В это время Эмма находилась в том состоянии оцепенения, какое следует за лихорадочным возбуждением; восторженность гувернантки вначале ее скорее изумила, чем испугала; затем, когда та стала повторять имя, которое без конца нашептывало молодой женщине ее сердце, Эмма закрыла глаза, как бы опасаясь, что исчезнет такое утешительное сновидение, и уснула с улыбкой, почти успокоенная тем радужным будущим, которое на горизонте ее любви уже усмотрела кормилица, без труда разгадавшая сердечную тайну своей воспитанницы.

Легкое улучшение в состоянии больной, последовавшее за этим кризисом, убедило Сюзанну в ее самонадеянных предположениях, высказанных ею под влиянием отчаяния. В ее глазах доктор был уличен в явном невежестве; она не только перестала интересоваться его мнением о состоянии здоровья г-жи д’Эскоман, но и предпочитала отвечать с оскорбительной краткостью на вопросы, которые ему позволялось задавать ей по поводу того, что происходило после его предыдущего визита.

Легко догадаться, что Сюзанна не ограничилась лишь однократным испытанием целебных средств, принесших ей успех.

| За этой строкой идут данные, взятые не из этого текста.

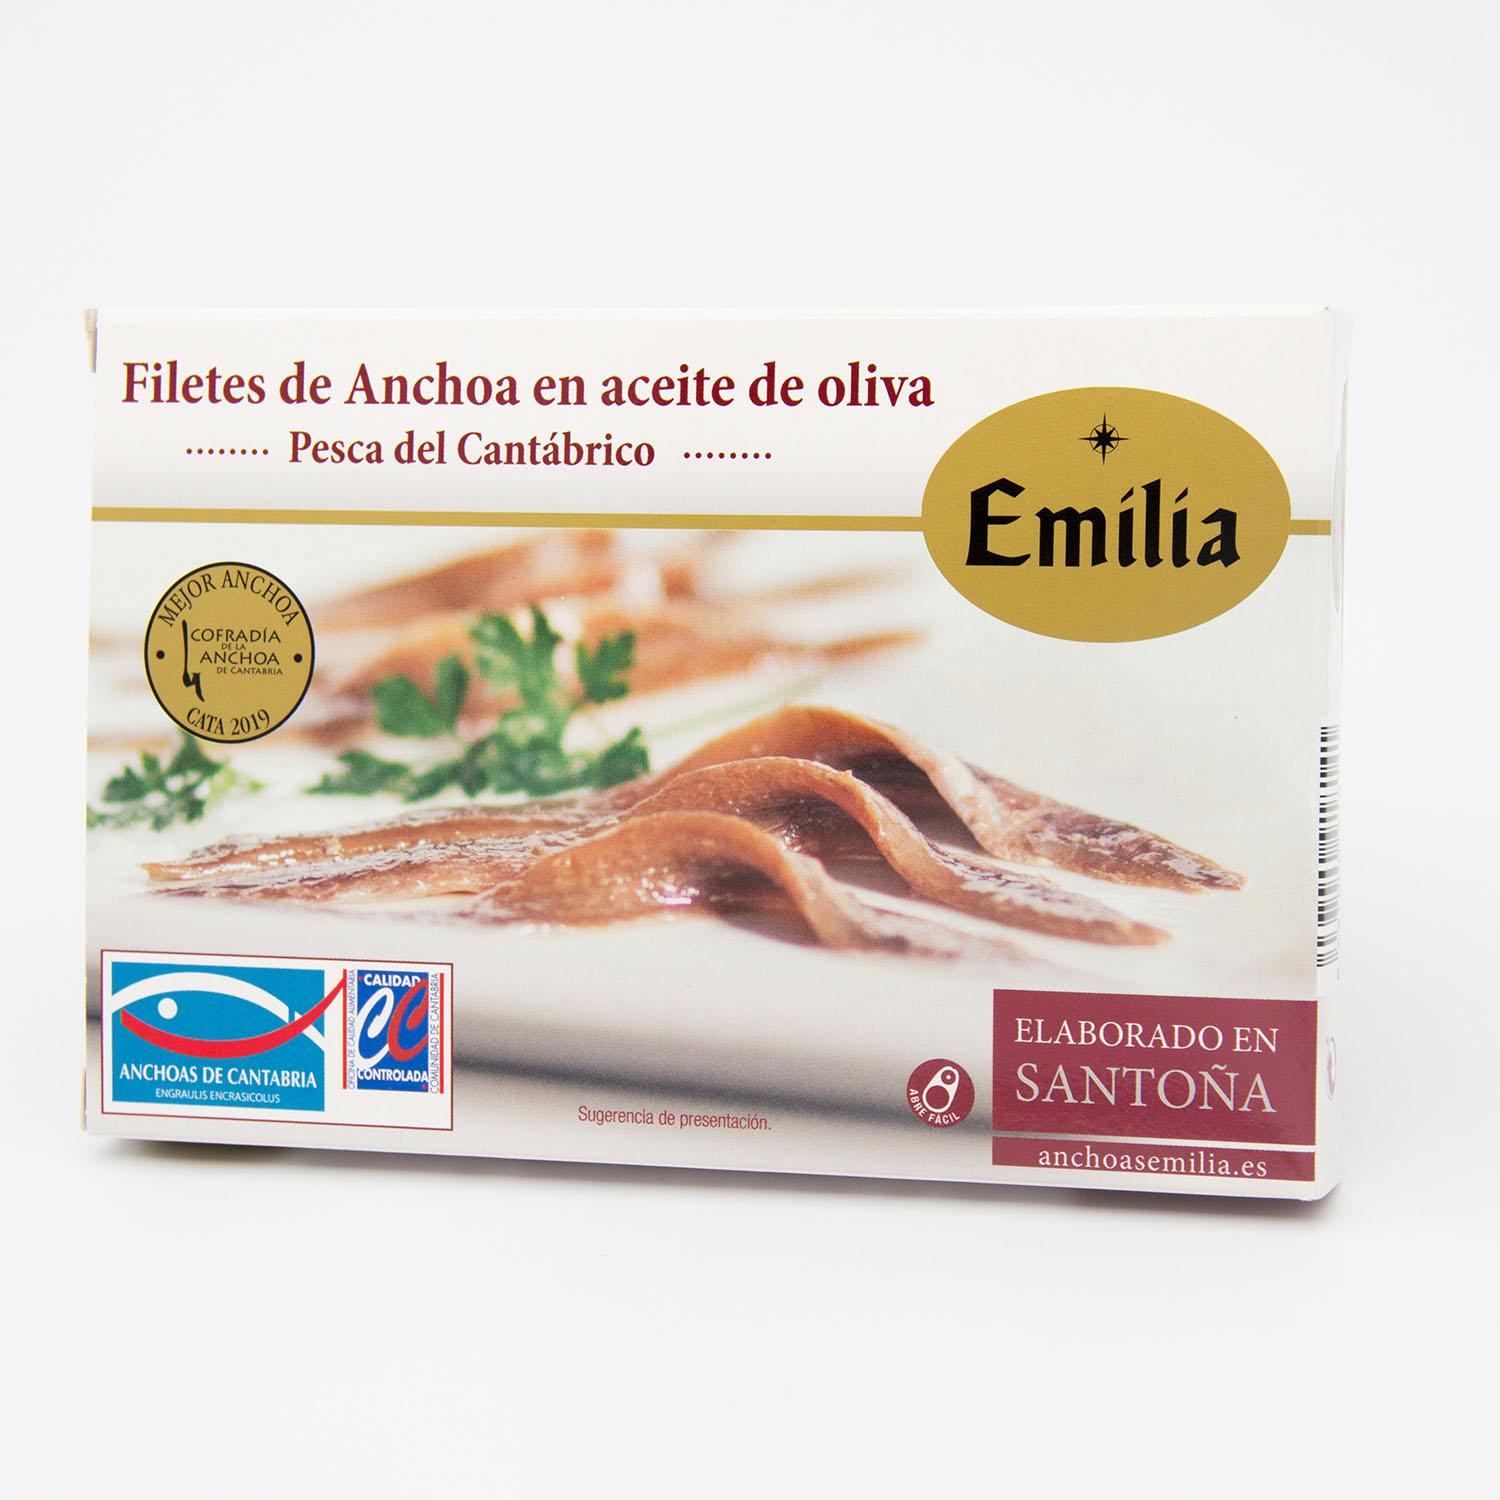 Filetes de anchoa en aceite de oliva Emilia "Serie Oro", 110 gr
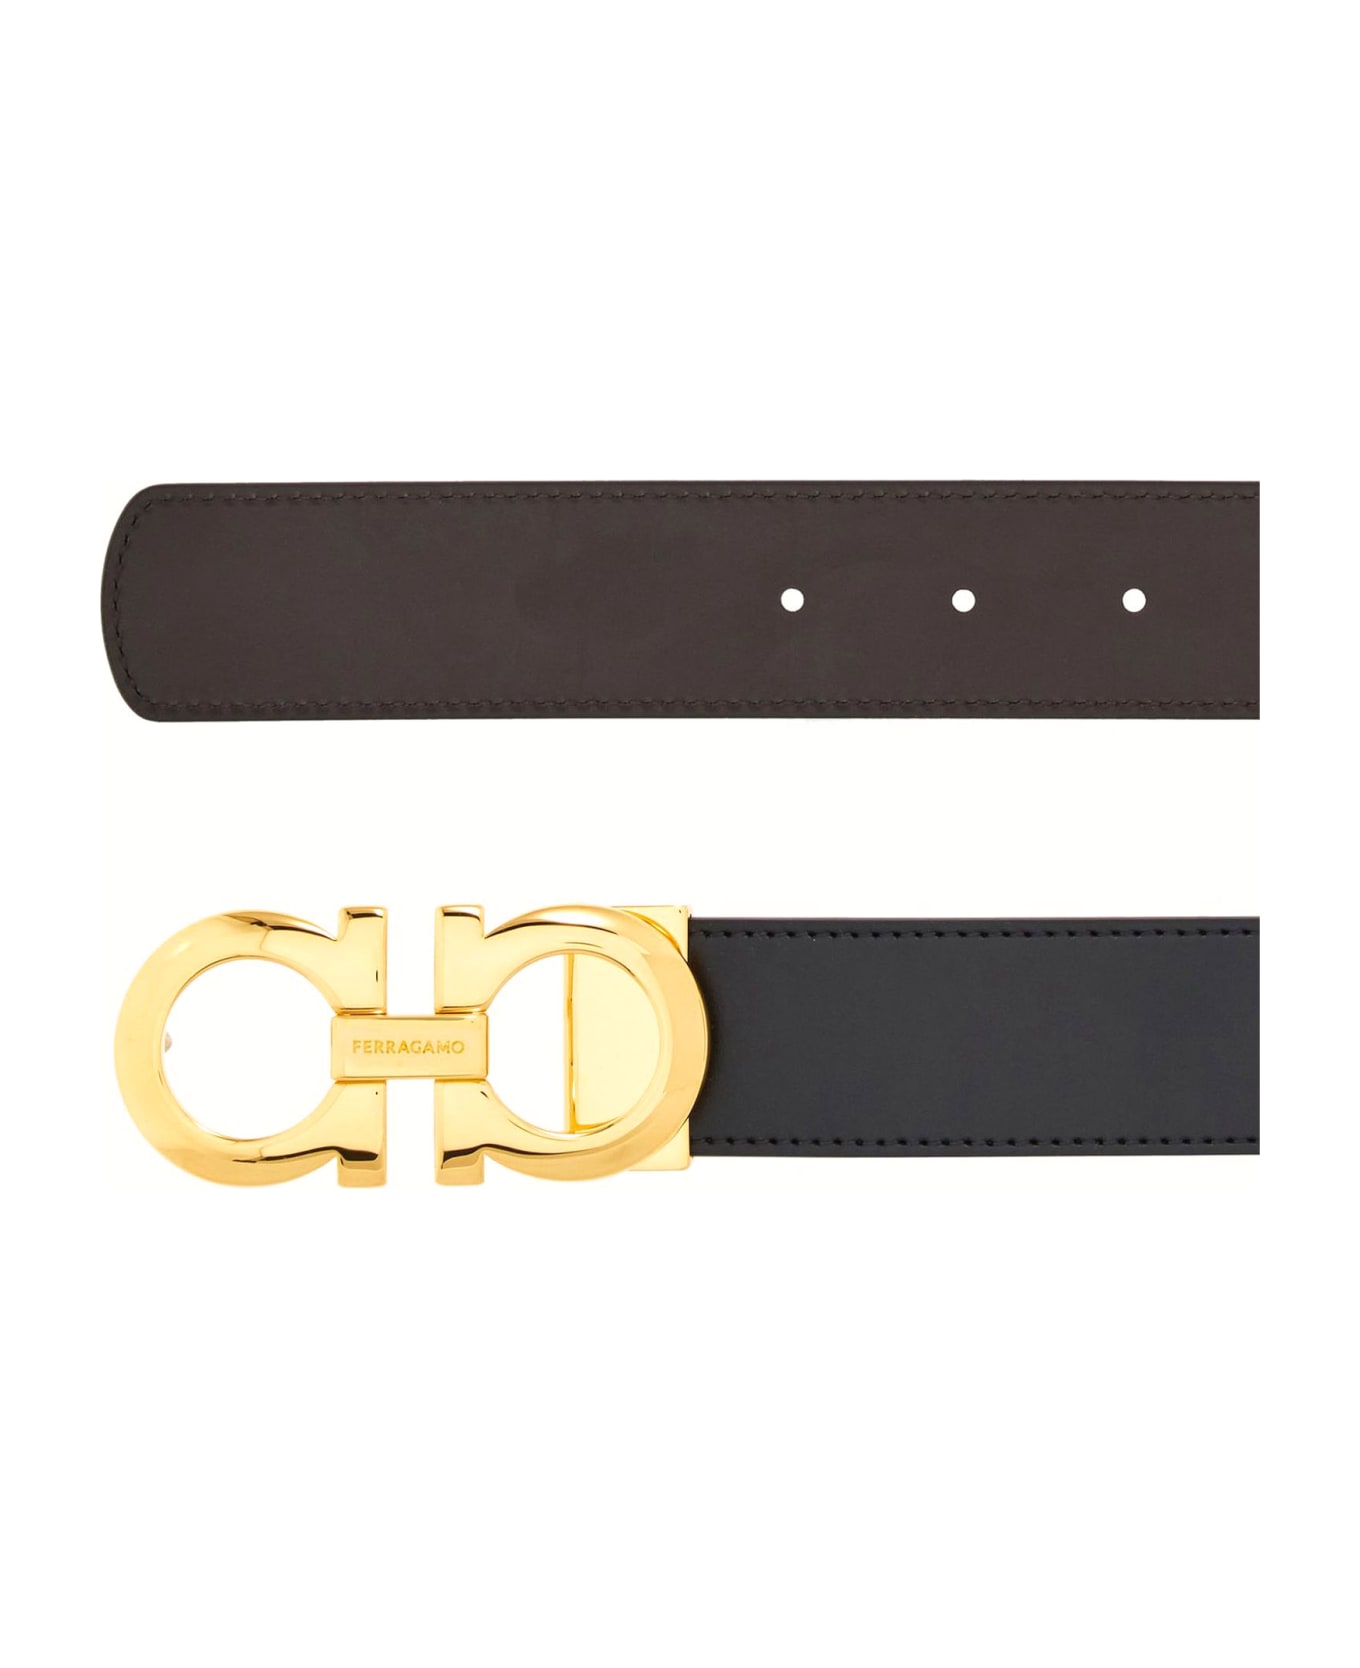 Ferragamo Reversible And Adjustable Gancini Belt - Black

Каждый раз, оставшись наедине с Эммой — и Богу известно, испытывала ли она недостаток в предлогах, чтобы такое случалось как можно чаще, — кормилица неизменно переводила разговор на Луи де Фонтаньё; зная молодого человека крайне поверхностно, добрая женщина говорила о нем так, как будто она проникла в глубины его души; она награждала его всяческими добродетелями и приписывала ему всякого рода привлекательные черты; чтобы оправдать свою госпожу, Сюзанна не останавливалась ни перед каким преувеличением.

Вообще человеческие недуги чересчур приукрашивают; чтобы болезни оставались такими, какие они есть на самом деле, нужно изображать их более наглядно; обычно все чахнет, все умаляется, все слабеет в преддверии грядущего разложения. Человеческий организм напоминает тогда ткань, у которой под действием какой-нибудь едкой жидкости распадаются и ослабляются нити и в то же время меркнет цвет. Болезнь редко ограничивается телесными повреждениями, гораздо чаще она поражает и умственные способности человека, вплоть до его чувств.